30U.K.In Chapter V of Part XII of the Taxes Act 1988 (oil extraction activities), after section 494 insert—

494A Computation of amount available for surrender by way of group relief.

(1)In section 403(3) (availability of charges, Schedule A losses and management expenses for surrender as group relief) the reference to the gross profits of the surrendering company for an accounting period does not include the company’s relevant ring fence profits for that period.

(2)If for that period—

(a)there are no charges on income paid by the company that are allowable under section 338, or

(b)the only charges on income so allowable are charges to which section 494(3) above applies,

all the company’s ring fence profits are relevant ring fence profits.

(3)In any other case the company’s relevant ring fence profits are so much of its ring fence profits as exceeds the amount of the charges on income paid by the company as—

(a)are allowable under section 338 for that period, and

(b)are not charges to which section 494(3) above applies..

31U.K.In Chapter VI of Part XVII of the Taxes Act 1988 (tax avoidance: miscellaneous provisions), after section 768C insert—

768D Change in ownership of company carrying on property business.

(1)This section applies where there is a change in the ownership of a company carrying on a Schedule A business and—

(a)in the case of an investment company, either—

(i)paragraph (a), (b) or (c) of section 768B(1) applies, or

(ii)section 768C applies;

(b)in the case of a company which is not an investment company, paragraph (a) or (b) of section 768(1) applies.

(2)Where this section applies the following provisions have effect to prevent relief being given under section 392A by setting a Schedule A loss incurred by the company before the change of ownership against profits arising after the change.

(3)The accounting period in which the change of ownership occurs is treated for that purpose as two separate accounting periods, the first ending with the change and the second consisting of the remainder of the period.

(4)The profits or losses of the period in which the change occurs are apportioned to those two periods—

(a)in the case of an investment company—

(i)where paragraph (a), (b) or (c) of section 768B(1) applies, in accordance with Parts II and III of Schedule 28A, or

(ii)where section 768C applies, in accordance with Parts V and VI of that Schedule, and

(b)in the case of a company which is not an investment company, according to the length of the periods,

unless in any case the specified method of apportionment would work unjustly or unreasonably in which case such other method shall be used as appears just and reasonable.

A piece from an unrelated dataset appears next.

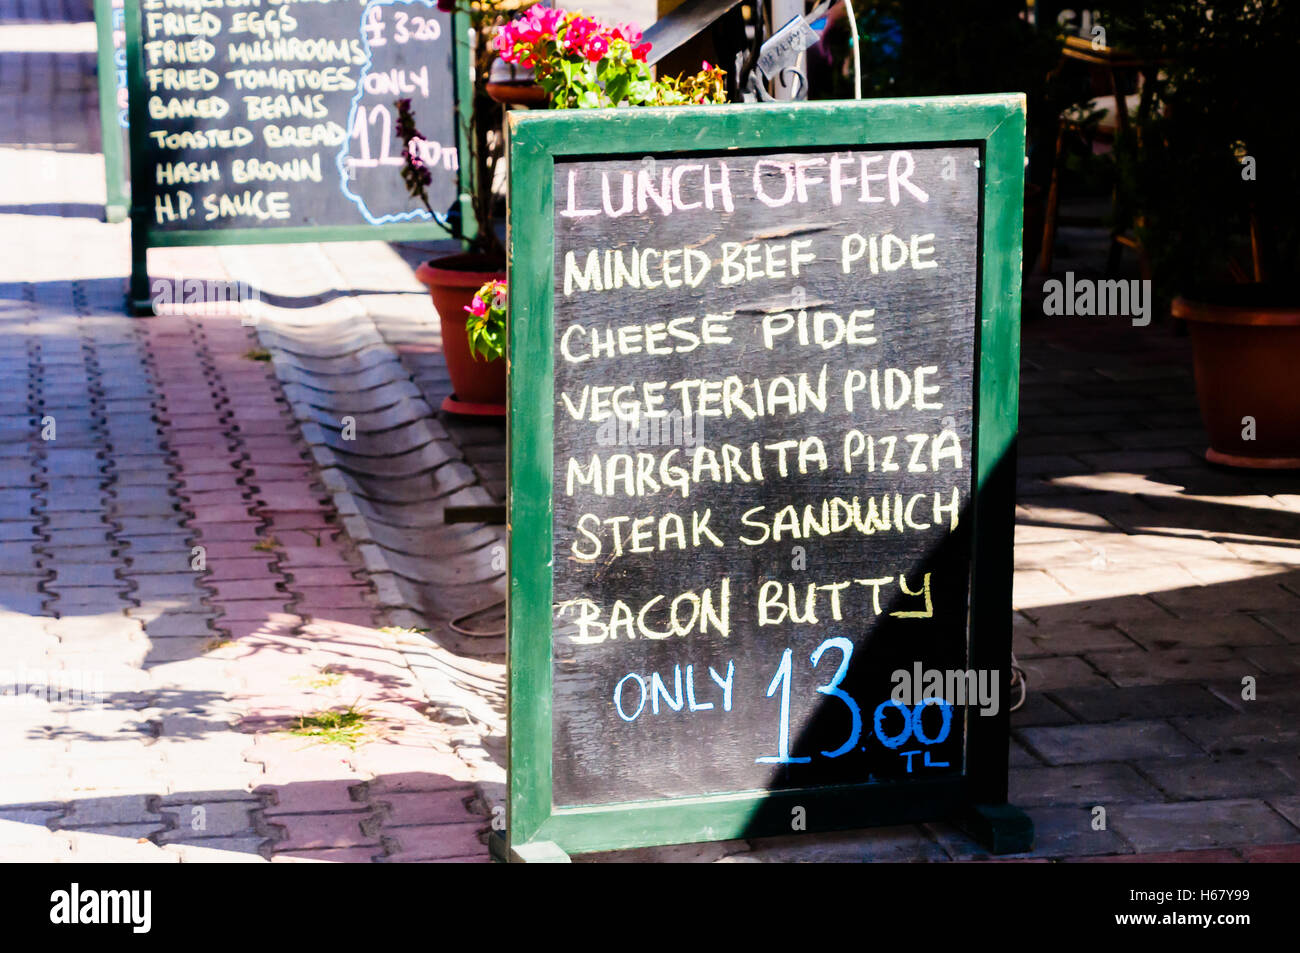 Blackboard at a restaurant with the lunch menu offers including minced beef, cheese, vegetarian, margarita pide (Turkish pizza) Stock Photo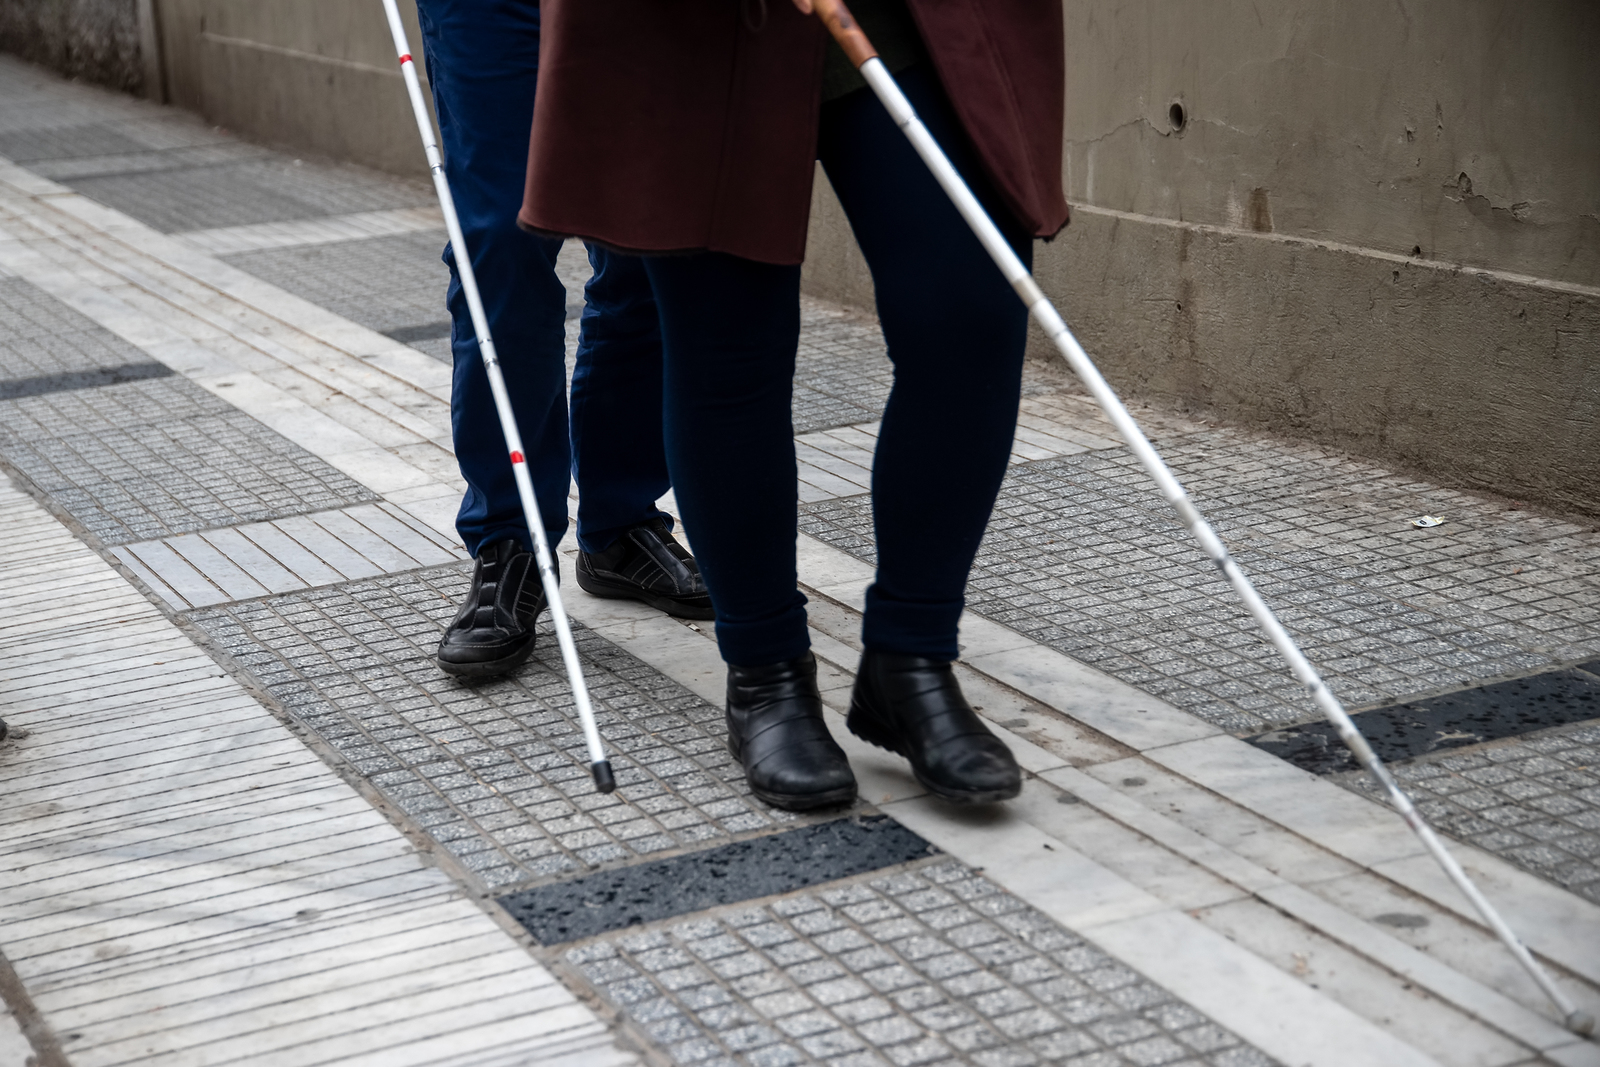 blind man and woman walking on the street using white canes.

(5)Relief under section 392A(1) against total profits of the same accounting period is available only in relation to each of those periods considered separately.

(6)A loss made in any accounting period beginning before the change of ownership may not be set off under section 392A(2) against, or deducted by virtue of section 392A(3) from—

(a)in the case of—

(i)an investment company where paragraph (a), (b) or (c) of section 768B(1) applies, or

(ii)a company which is not an investment company,

profits of an accounting period ending after the change of ownership;

(b)in the case of an investment company where section 768C applies, from so much of those profits as represents the relevant gain within the meaning of that section.

(7)Subsections (8) and (9) of section 768 (time limits for assessment; information powers) apply for the purposes of this section as they apply for the purposes of that section.

(8)In this section—

(a)any reference to a case where paragraph (a) or (b) of section 768(1) applies includes the case where that paragraph would apply if the reference there to a trade carried on by the company were to a Schedule A business carried on by it;

(b)investment company” has the same meaning as in Part IV.

(9)The provisions of this section apply in relation to an overseas property business as they apply in relation to a Schedule A business..

32U.K.In section 769 of the Taxes Act 1988 (rules for ascertaining change of ownership)—

(a)in subsections (1), (2)(d) and (5) for “and 768C" substitute “ , 768C and 768D ”;

(b)in subsection (3) for “or 768A" substitute “ , 768A or 768D ”; and

(c)in subsection (4) for “or 768C" substitute “ , 768C or 768D ”.